» **ACTIVITY**
Images excepted, the data below must be repeated exactly.
-------- PROVIDED DATA
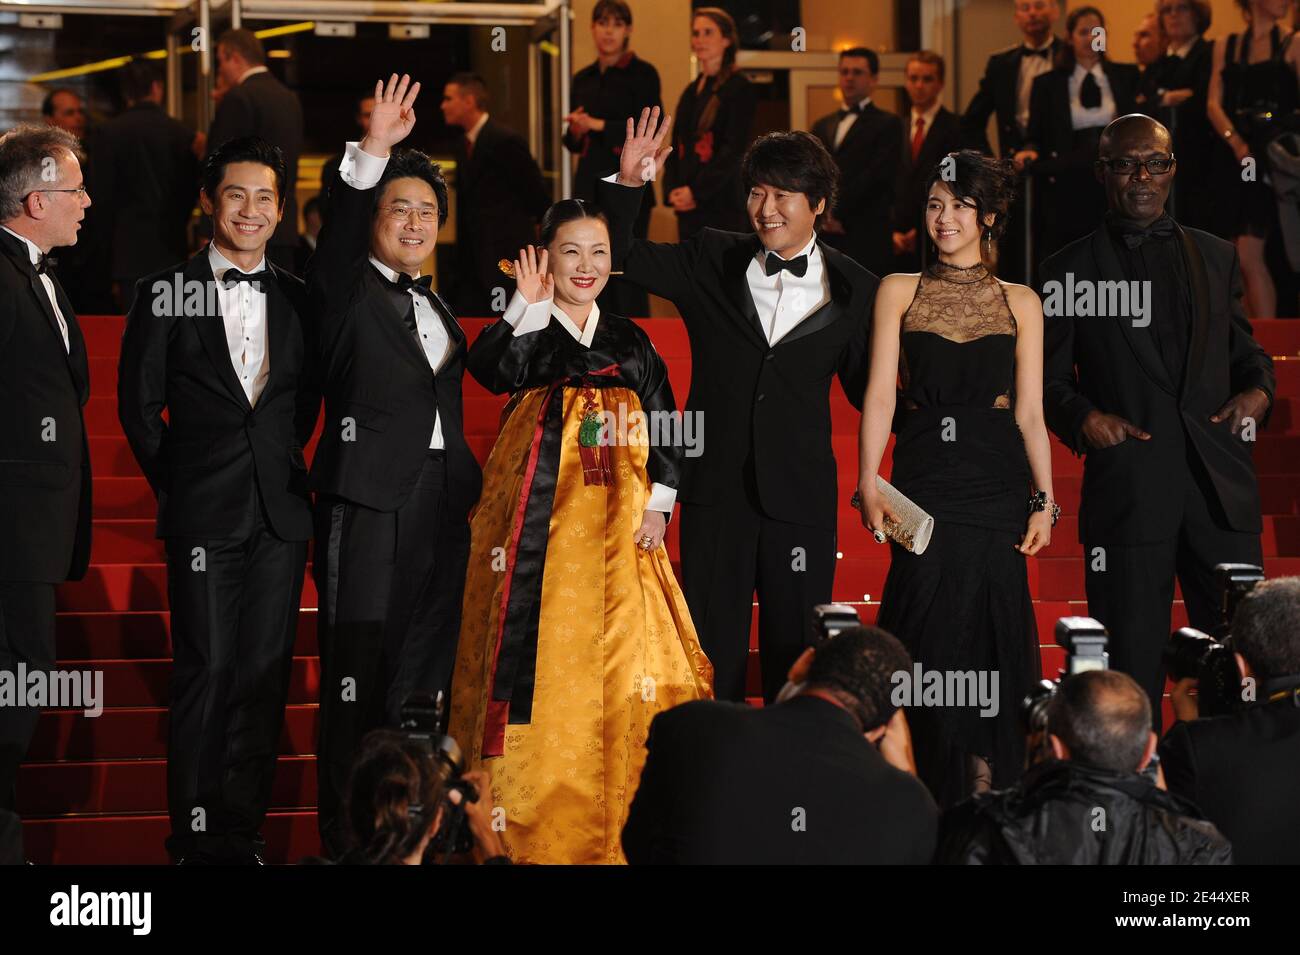 South-Korean director Chan-Wook Park (2ndL), Kim Ok-Bin (2ndR), Kim Hae-Sook (C), Song Kang-Ho (3ndR) and Shin Ha-Kyun (L) arriving to the screening of 'Thirst' during the 62nd Cannes Film Festival at the Palais des Festivals in Cannes, France on May 15, 2009. Photo by Nebinger-Orban/ABACAPRESS.COM Stock Photo
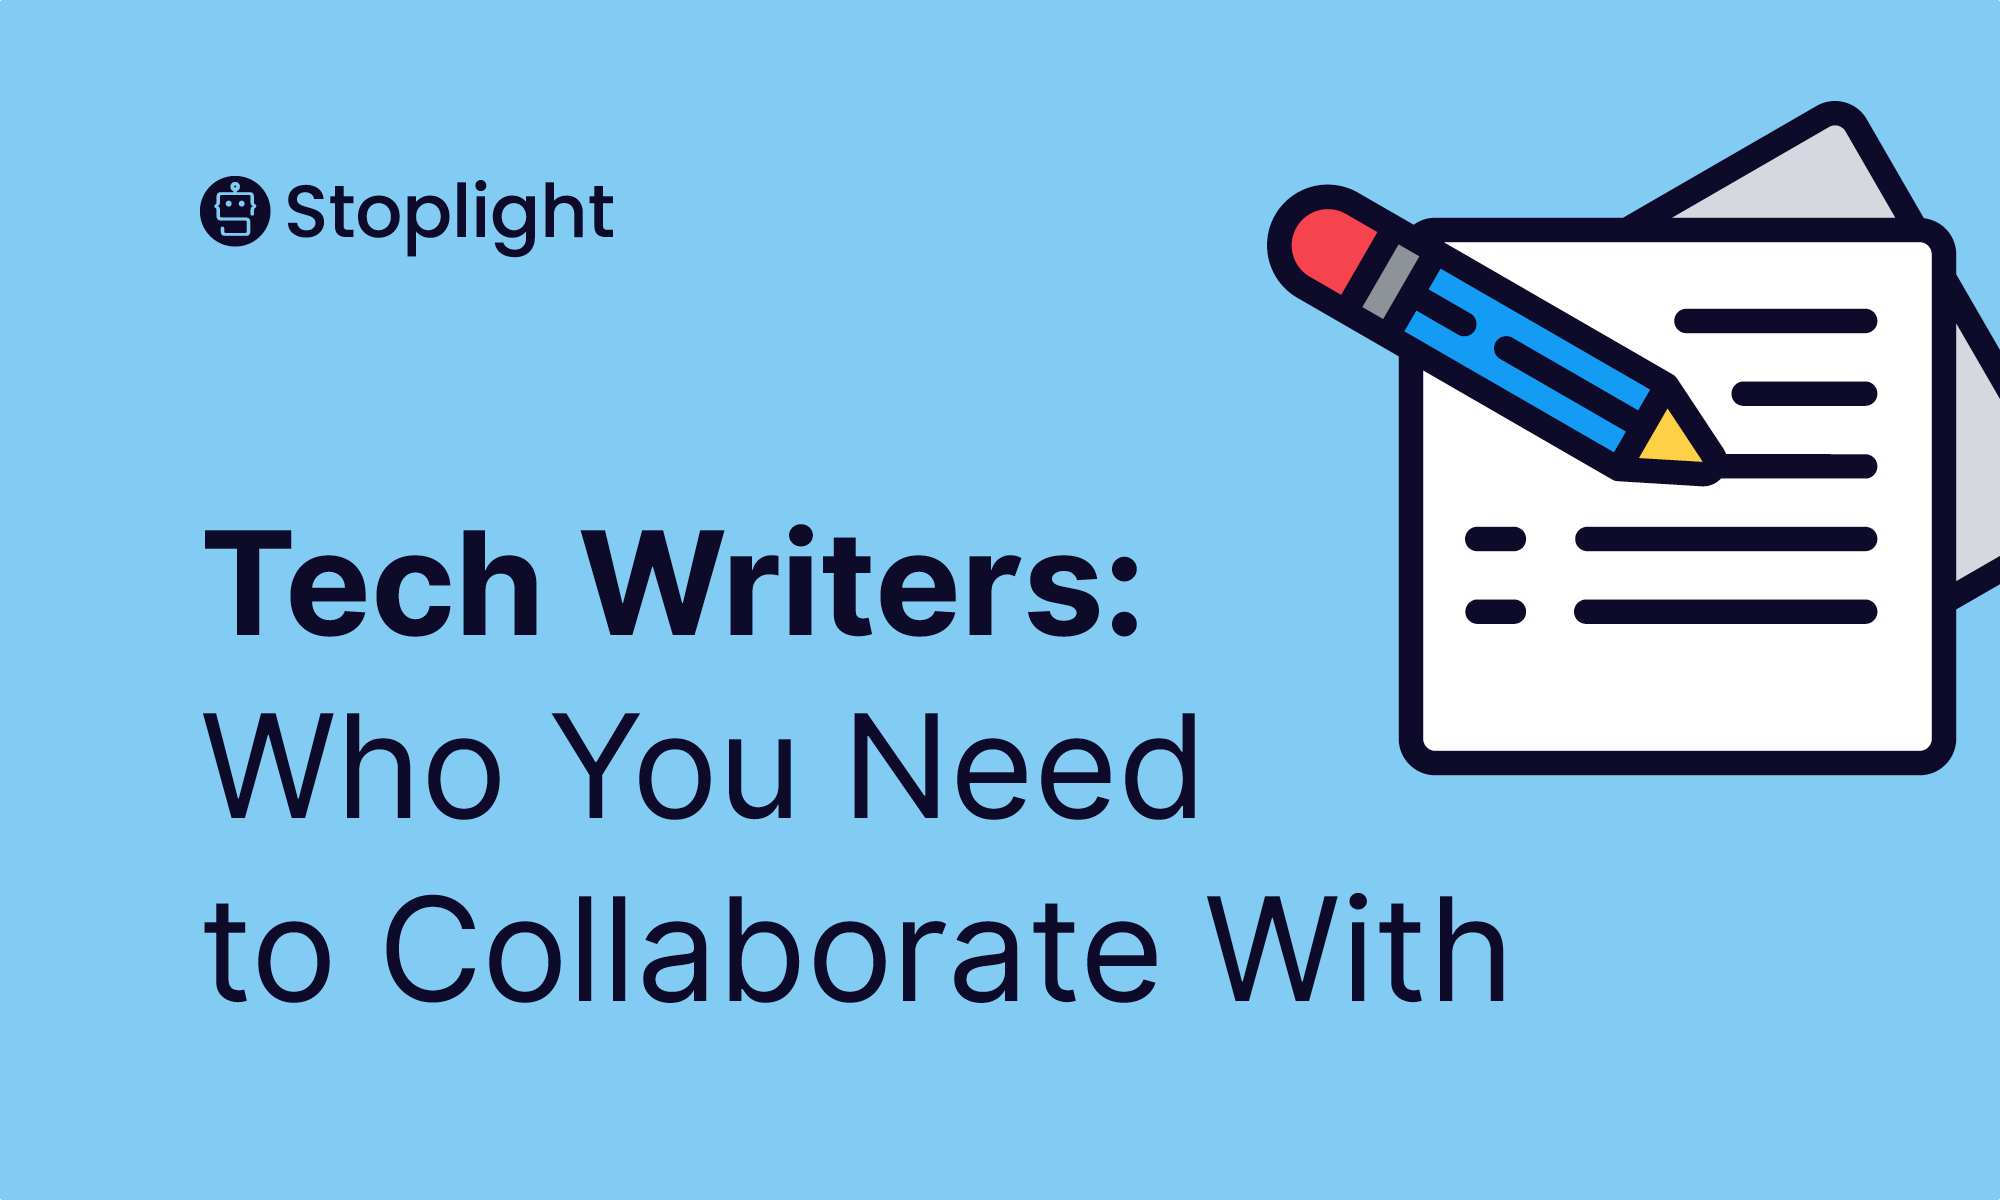 Tech Writers: Who You Need to Collaborate With
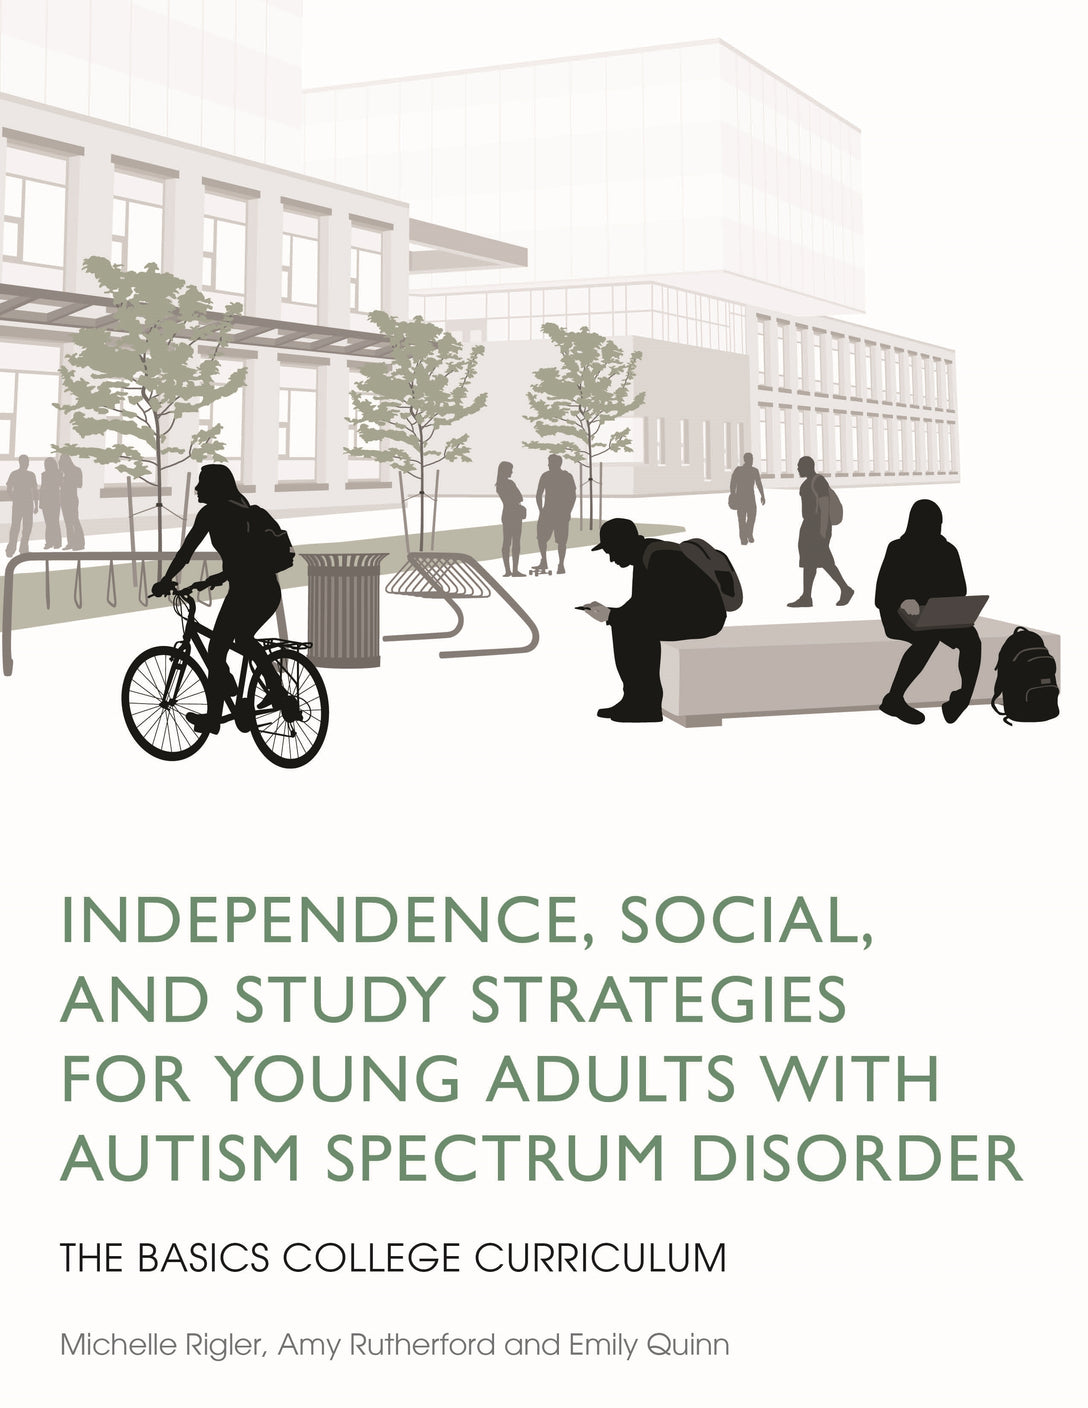 Independence, Social, and Study Strategies for Young Adults with Autism Spectrum Disorder by Amy Rutherford, Michelle Rigler, Emily Quinn
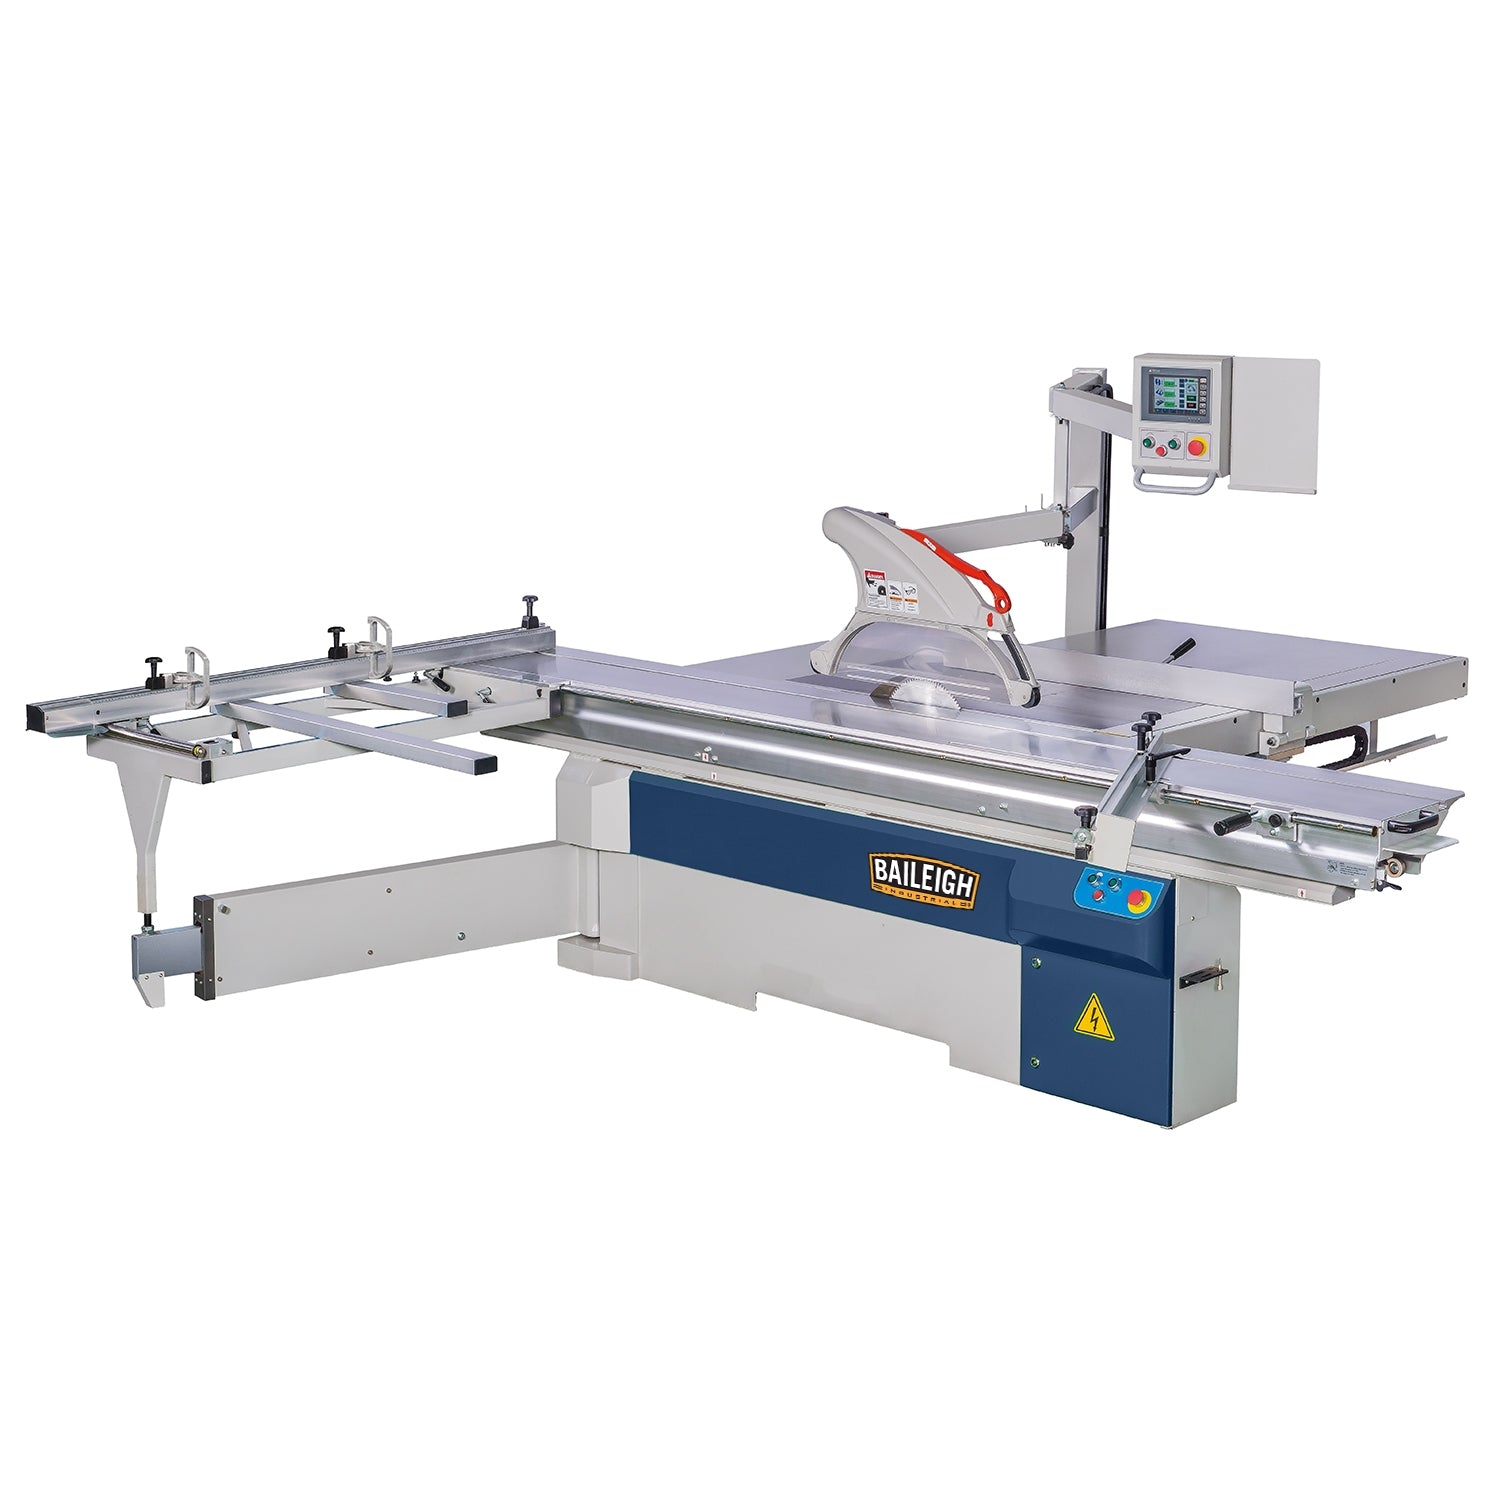 Baileigh STS-16120-CNC 220V 3 Phase 7.5 hp 16" CNC Sliding Table Saw
----------------
» **COMPLETED TASK**
 South-Korean director Chan-Wook Park (2ndL), Kim Ok-Bin (2ndR), Kim Hae-Sook (C), Song Kang-Ho (3ndR) and Shin Ha-Kyun (L) arriving to the screening of 'Thirst' during the 62nd Cannes Film Festival at the Palais des Festivals in Cannes, France on May 15, 2009. Photo by Nebinger-Orban/ABACAPRESS.COM Stock Photo
 Tech Writers: Who You Need to Collaborate With
 Independence, Social, and Study Strategies for Young Adults with Autism Spectrum Disorder by Amy Rutherford, Michelle Rigler, Emily Quinn
 Baileigh STS-16120-CNC 220V 3 Phase 7.5 hp 16" CNC Sliding Table Saw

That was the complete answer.